The bottom-up traverse in step 515 is described next. The input to the bottom-up traverse is the semi-structured data tree and the selecting-TA. The semi-structured data is stored in a structured DB. We do not need to reconstruct the tree in order to traverse it. Instead, we use a stack (see CLRS) to store the node records during the tree traversal. The ID of the nodes records in the data file may be ordered in any top-down or bottom-up traversal using for example a DFS (see CLRS) traversal. The traversal in the algorithm is bottom up. If the traversal order in the algorithm is top down, like in this example, we read the records in the file in reverse—from the end to the start. A reverse-DFS orders the nodes in a bottom-up order. The algorithm is described in the following pseudo-code:














Bottom up traverse (Filein , Selecting UUTA : (Qin, Σin, Fin, δin) )


Output: run that maps nodes in Filein to states in Qin


Stack ← empty;


While exists r in Filein do:


 Let rc be the top of Stack;


 if r is a leaf


  For all transitions δin({ },a) = q where a is the label of node record


  r do:


   Add q to run[r];


 Else if r and rc have P-C relation then:


  Pop all children records rc1,...,rcn from Stack that have P-C relation


  with r.


  For all transitions δin({s1,...,sn},a) = q where si ε run[rci] for


  1 ≦ i ≦ n do:


   Add q to run[r]


 Push r to Stack ;










FIG. 6 illustrates the FSA that was constructed from the example of FSA construction in step 505. A state is denoted by a circle. The label in the circle denotes the state. A transition is denoted by an arrow. The symbol of the transition is the label of the incoming state. The final states are denoted by a double circle. The start state is denoted by an extra incoming arrow.


In order to give a bottom-up traversal example, we first give an example for a semi-structured tree data stored in DB files. An example for semi-structured data is given in FIG. 7. The tree data form is stored in the structured DB as file of records. In examples described below, we denote a file that stores label ‘a’ nodes by Filea. We order the records in a Depth First Search (DFS). A description of DFS is given in Corman, Leiseson, Rivest and Stein, “Introduction to algorithms”, MIT Electrical Engineering and Computer Science Series, 1990, (referred to hereinafter as “CLRS”).

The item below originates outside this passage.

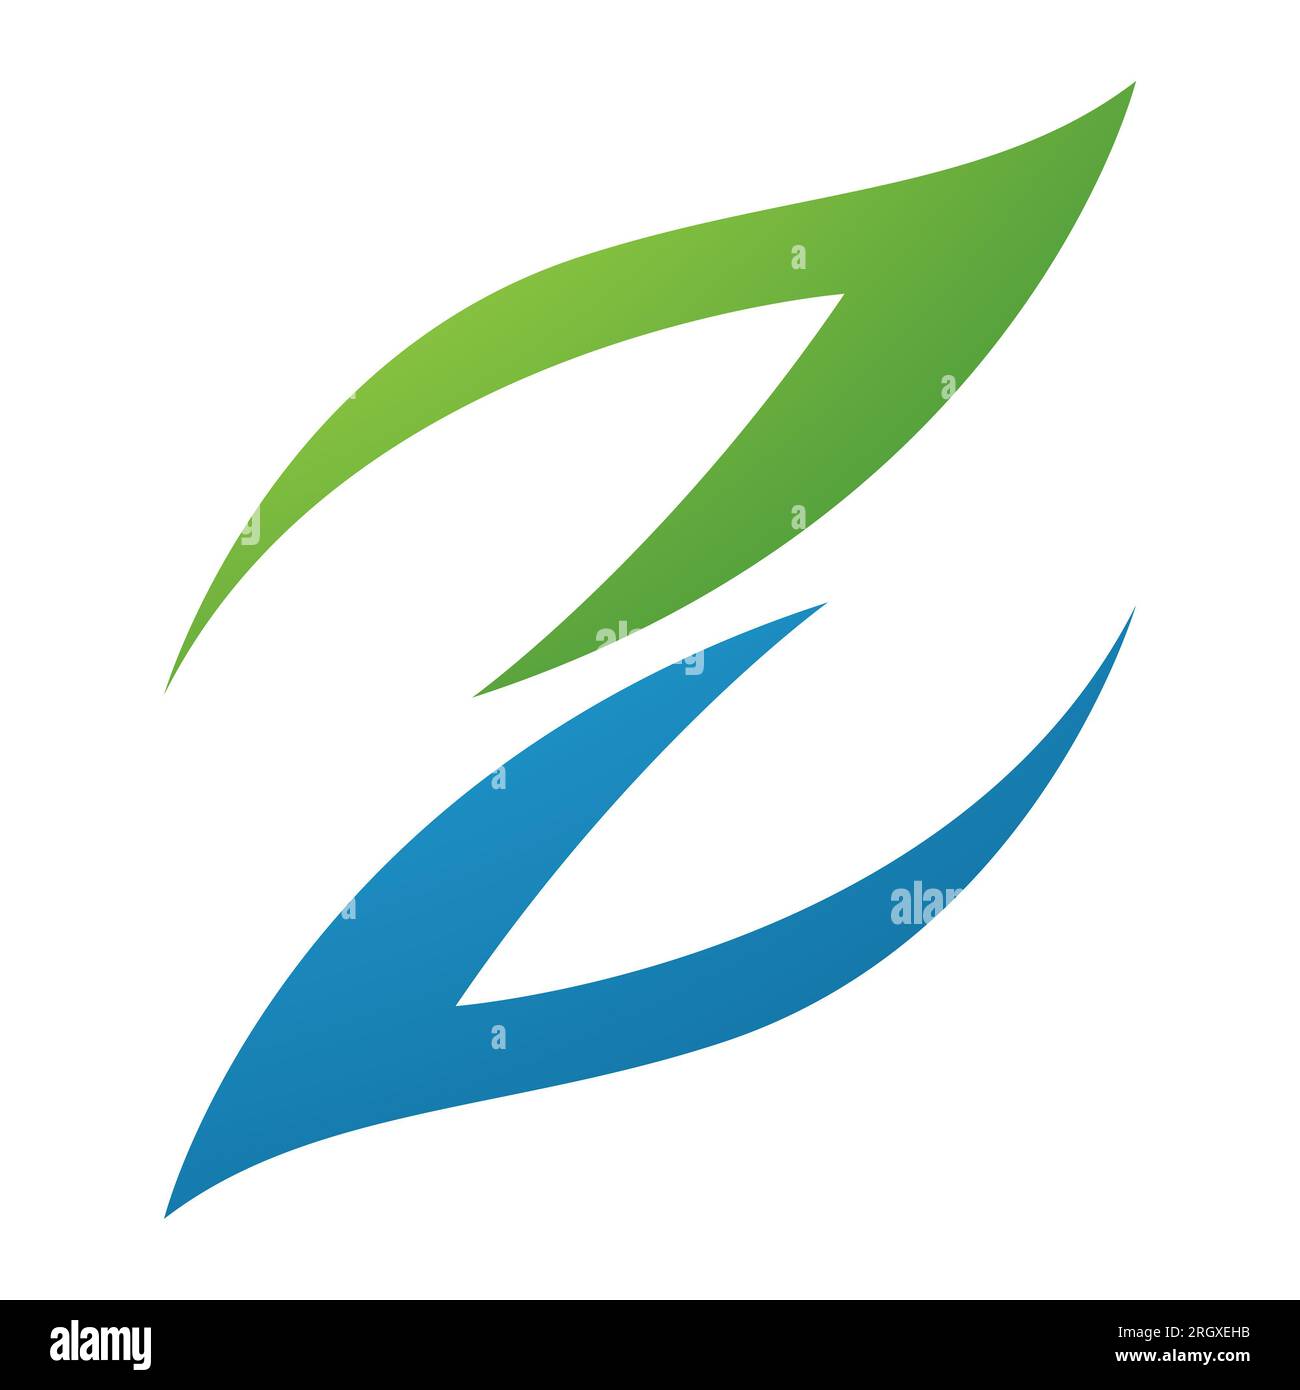 Green and Blue Fire Shaped Letter Z Icon on a White Background Stock Photo
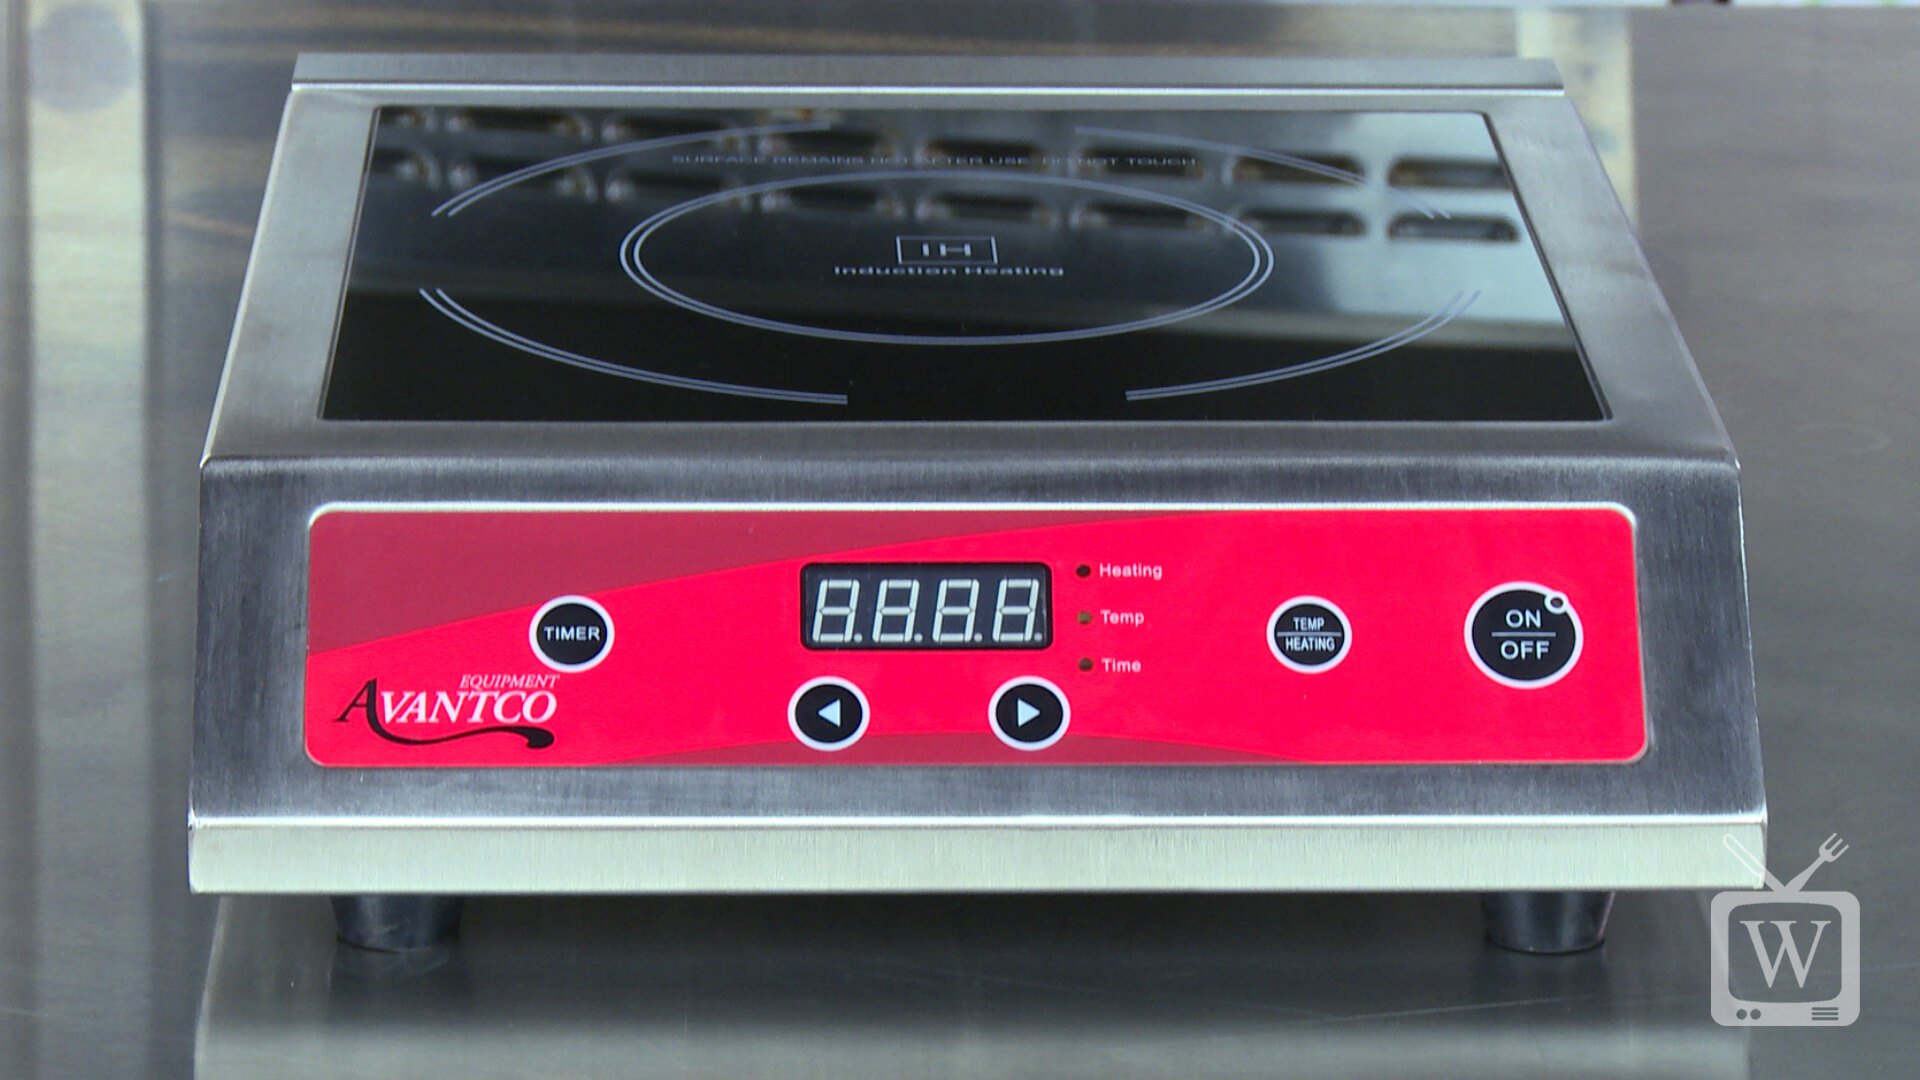 What are the advantages of using an induction range?

Each node is denoted by a circle. The label of the circle of node v is in the format ‘v; label (v)’. The edges are denoted by arrows. The node IDs in the figures are the DFS (see CLRS) traversal order of the tree nodes. The DB file in this example contains the following records: (1,a), (2,b) (3,c), (4,b), (5,c), (6,b), (7,c), (8,d), (9,b), (10,d), (11,b), (12,d). The DB can also split the nodes into files according to their labels. In this example Filea contains node 1. Fileb contains nodes 2, 4, 6, 9, 11. Filec, contains nodes 3, 5, 7. Filed contains nodes 8, 10, 12.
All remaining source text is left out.